第2章

我沉默了一下:「我並無此意。」


「還是說,如今你心裏有了更好的選擇,比如……賀聞秋?」


他冷笑著湊近我,那微抿的嘴唇幾乎貼上來,像一個沒有溫度的親吻。


我眼睫顫了顫,正要退開,身後忽然響起崔寧枝的聲音:「哥哥!」


崔寧遠驀地站直了身子,任由一身嬌俏衫裙的崔寧枝撲進他懷裏。


緊接著,崔寧枝站直身子,沖我微微福身:「問薑姑娘安。」


「學了規矩,倒是比三年前懂禮許多。」我輕聲說著。


一陣寒風卷著雪粒子飛過來,撲在臉上,我忍不住偏過頭咳了幾聲。


娘帶著丫鬟急急迎出來,將狐裘裹在我身上,滿目心疼地握住我冰涼的手。


又忍不住轉頭斥責:「到底是什麼要緊的話,非要站在院子裏說?明知小笛身子弱,就不能先進屋?」


崔寧枝張了張嘴,還沒來得及出聲,崔寧遠已經將她護在身後,低頭認錯:


「是我的錯,沒考慮到姑娘的病。」


娘不滿地敲打他:「你與小笛已有婚約,說話何須這麼客氣?」


「親事未成,禮不可廢。」他答得恭順。


事實上,在旁人面前,崔寧遠言行謹慎、時時守禮,幾乎挑不出什麼錯處來。


隻有和我單獨相處時,他才會褪去眼睛裏的偽裝,露出毫不掩飾的冰冷疏離。


我也不知道怎麼想的,在侍衛來回稟,說崔寧遠又一次去醫館找唐露時,坐著馬車跟了上去。
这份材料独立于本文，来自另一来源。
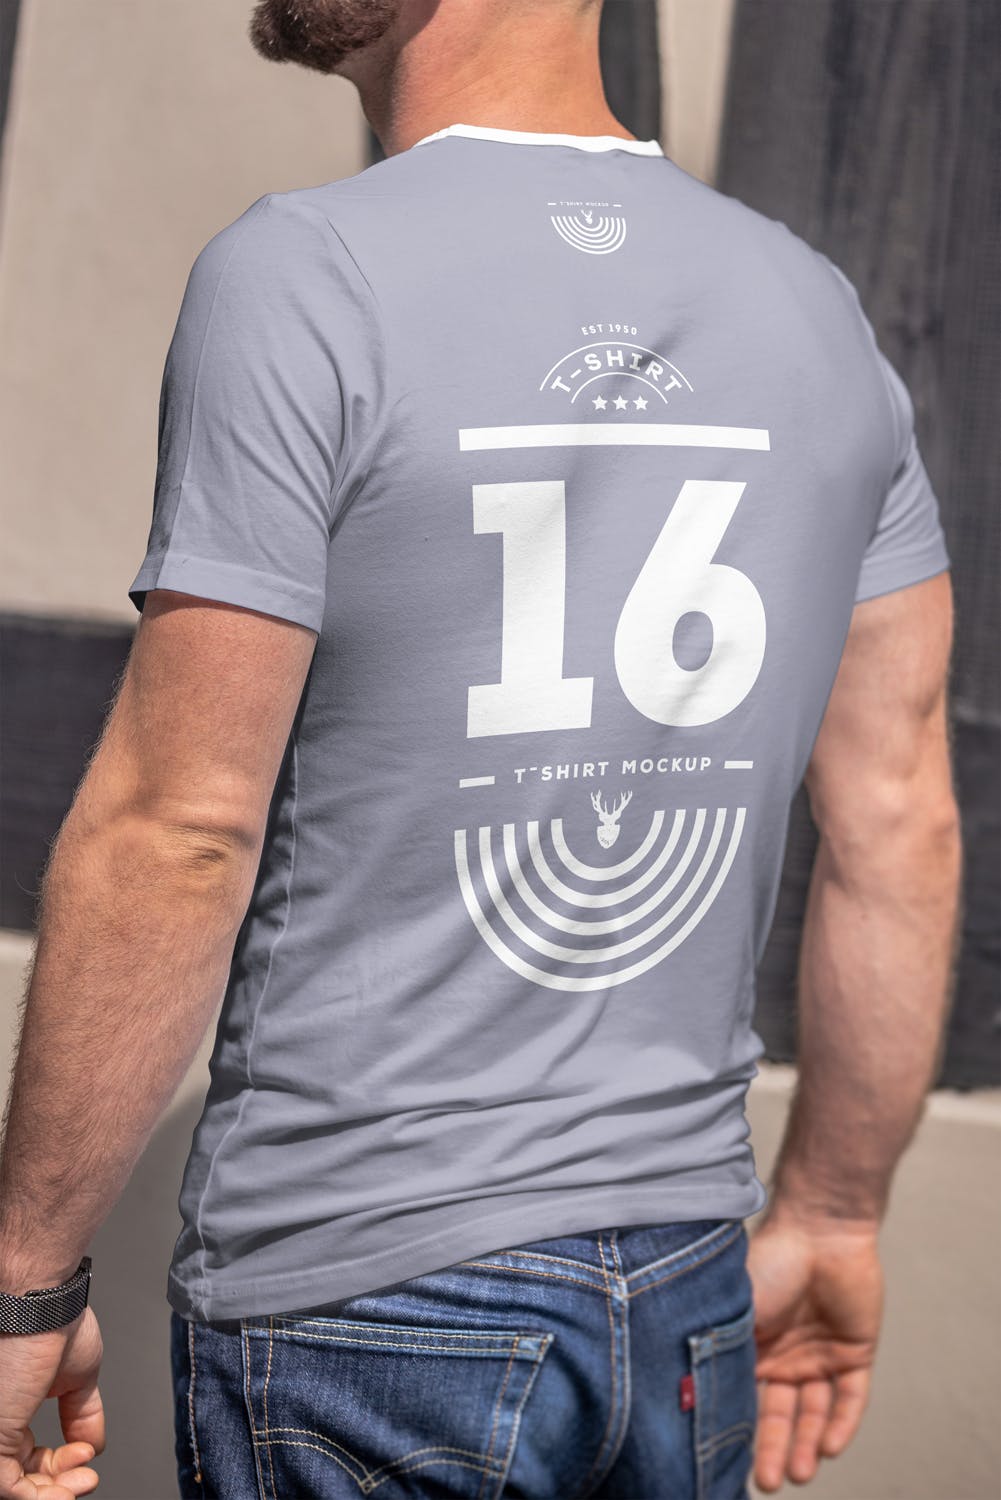 男士印花T恤真实模特上身效果图样机16设计网精选模板 T-Shirt Mock-up 5插图(9)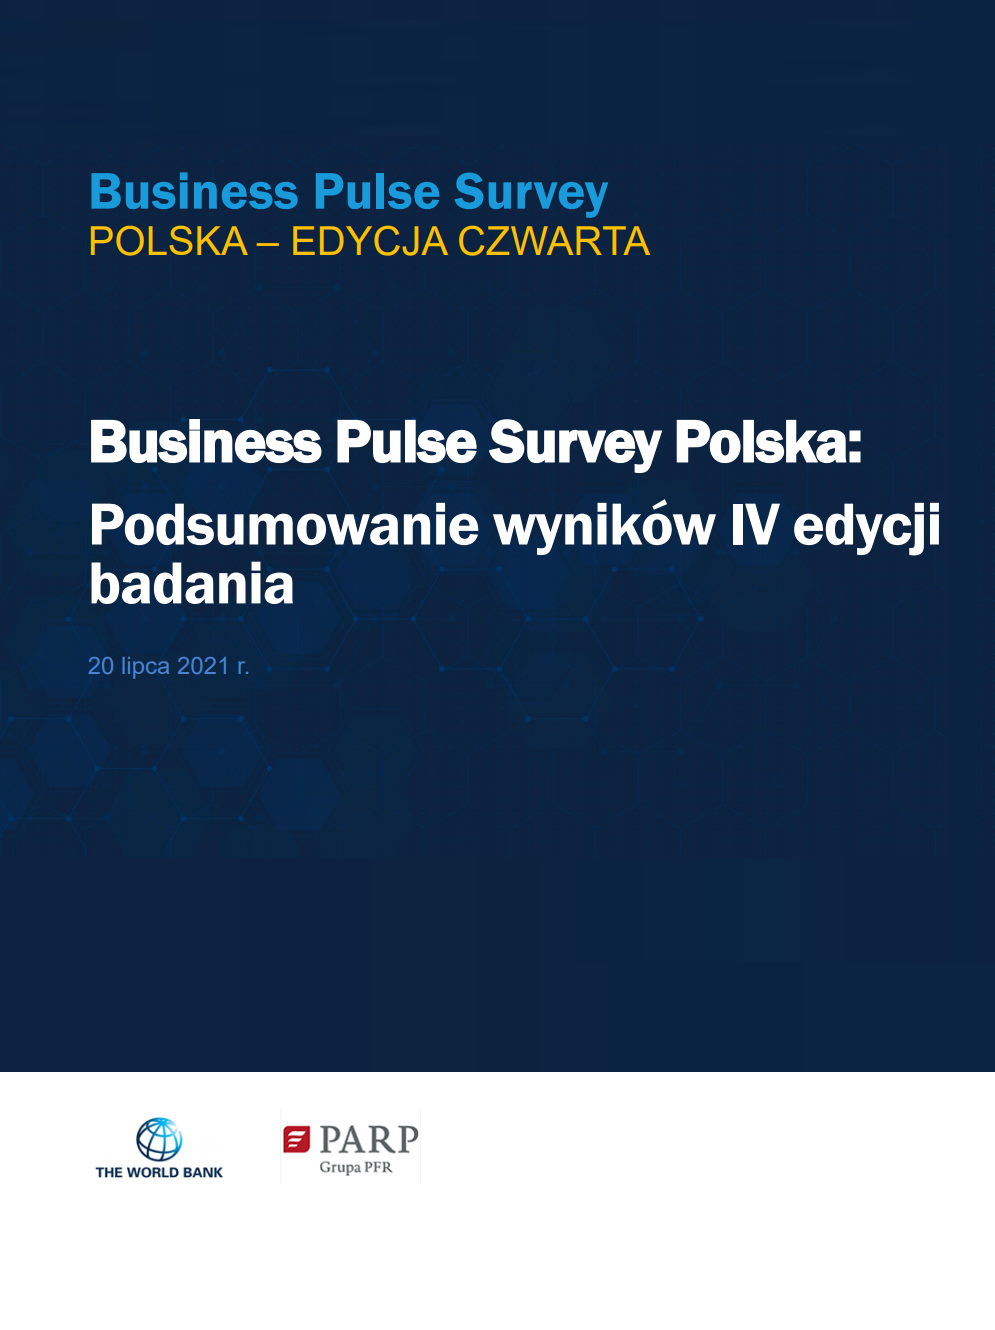 Business Pulse Survey Polska: Podsumowanie wyników IV edycji badania

大雪連日,京中不少人染了傷寒,唐露醫館外排起長隊,等著問診拿藥。


我攏著鬥篷走過去,正好瞧見崔寧遠一邊替她抓藥,一邊側頭說著話:


「既然不能入學堂讀書,我便隔一日來一趟,把先生講的講給你聽。」


聽他這麼說,唐露笑得眼睛都彎起來,連連點頭,手下的動作卻沒有絲毫延緩。


我沒有動,隻是沉默地望著這一幕。


他收起了在我面前的疏離與厭煩,面對唐露時,仿佛細致入微,又柔情萬千。


「既然如此……為何提到取消婚約,又不肯同意?」我下意識喃喃出聲,原也沒想過問誰。


然而耳畔忽然響起一道清越的嗓音,像是在回答我。


「那當然是為了利用你繼續在京城學堂讀書,最好再給他馬上要出閣的妹妹多撈點嫁妝。等明年科考一舉上位,親自告到皇上面前,再強行解除婚約也不遲嘛。」


猛然回頭,我在漫天大雪中,對上一雙亮若星辰的眼睛。


又是賀聞秋。


這人簡直神出鬼沒的。


腦中閃過這個念頭,不等我開口,距離我隻有一步之遙的賀聞秋忽然邁步過來,微一側身,恰好擋在我和藥鋪之間。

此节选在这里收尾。